Human Capital Savings
Cloud computing shifts the IT burden from an organization to a cloud service provider. In doing so, it significantly reduces human capital expenses. For example, traditional dedicated environments require every component of an infrastructure to be manually configured and physically available, while in cloud environments, components are configured in a centralized location through an administrative interface. Cloud components are treated as objects, and any number of the same object may be applied to the infrastructure (as long as it is available in the resource pool). Load balancers, switches, routers, storage, virtual machines, firewalls, and data storage objects are, in many cases, “drag and drop” or “plan and provision.”
Human resource savings differ by organization, while actual time savings in provisioning and managing cloud resources vs. comparable dedicated resources can reach 90%.
Cloud-based infrastructures offer self-service resource provisioning and management portals for workgroups that have constantly changing demands. This same functionality can be achieved in a dedicated environment. But it lacks the dynamic nature of a cloud control panel because a dedicated resource control panel can’t adapt to newly deployed resources in real-time.

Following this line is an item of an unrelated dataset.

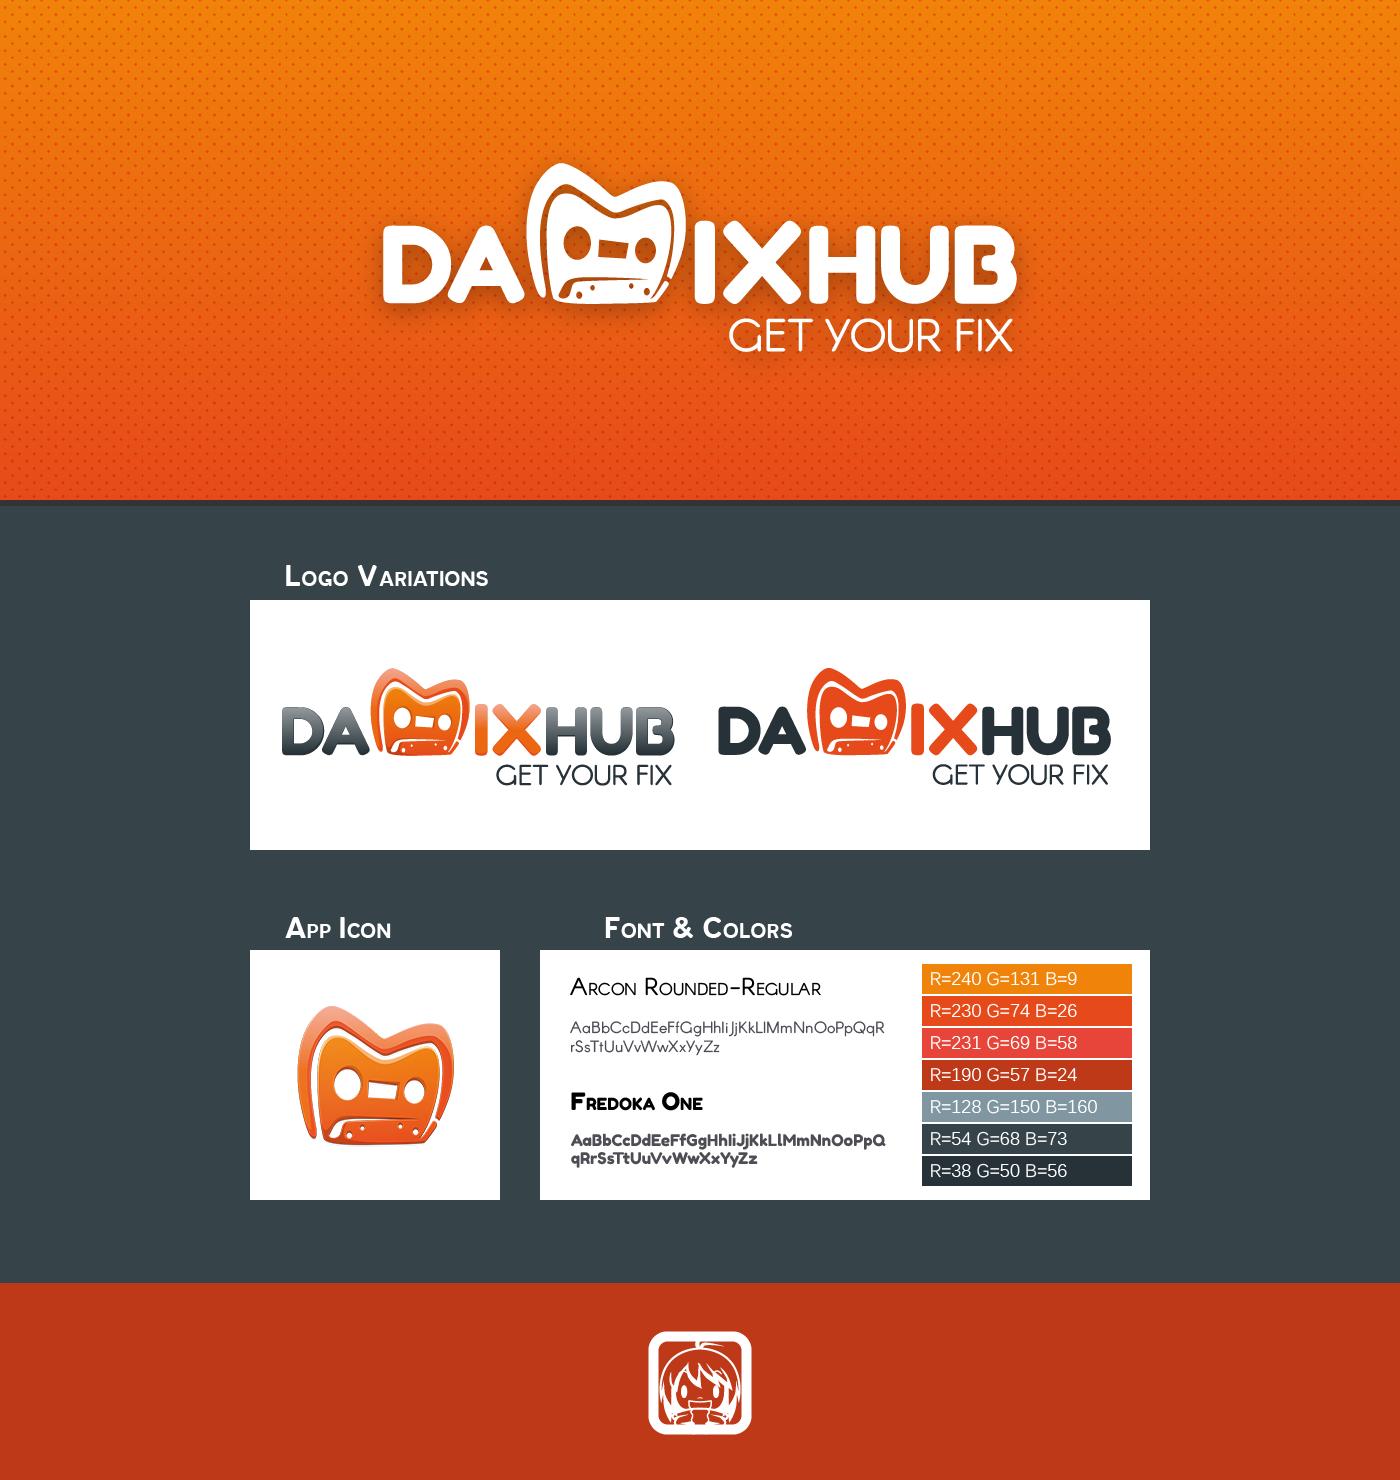 Google Play app application damixhub mix mixtape android Icon logo

Accounting is handled differently in dedicated and cloud infrastructure deployment models. Some organizations prefer to capitalize expenses, while others prefer to shift expenses to an operational paradigm.
Dedicated CapEx vs. OpEx
The Total Cost of Ownership (TCO) in a dedicated environment can be significantly higher than a cloud architecture. In dedicated environments, traditional capital expenditures (CapEx) are met with varying operating expenses (OpEx). A challenge that is often overlooked in the OpEx model is the need to maintain components that are defective. In the OpEx model, these expenses are only attributed to an individual application or project—applications or projects for which these financial requirements are not consistently assigned.
Cloud CapEx vs. OpEx
In a cloud environment, CapEx is initially realized and the operational expenditure is distributed across the entire infrastructure. As resource utilization increases, infrastructure expansion is classified as an operational expenditure for the entire installation, as opposed to a capitalization expenditure for a discrete application or project. Savings are realized immediately, lowering overall TCO in the cloud.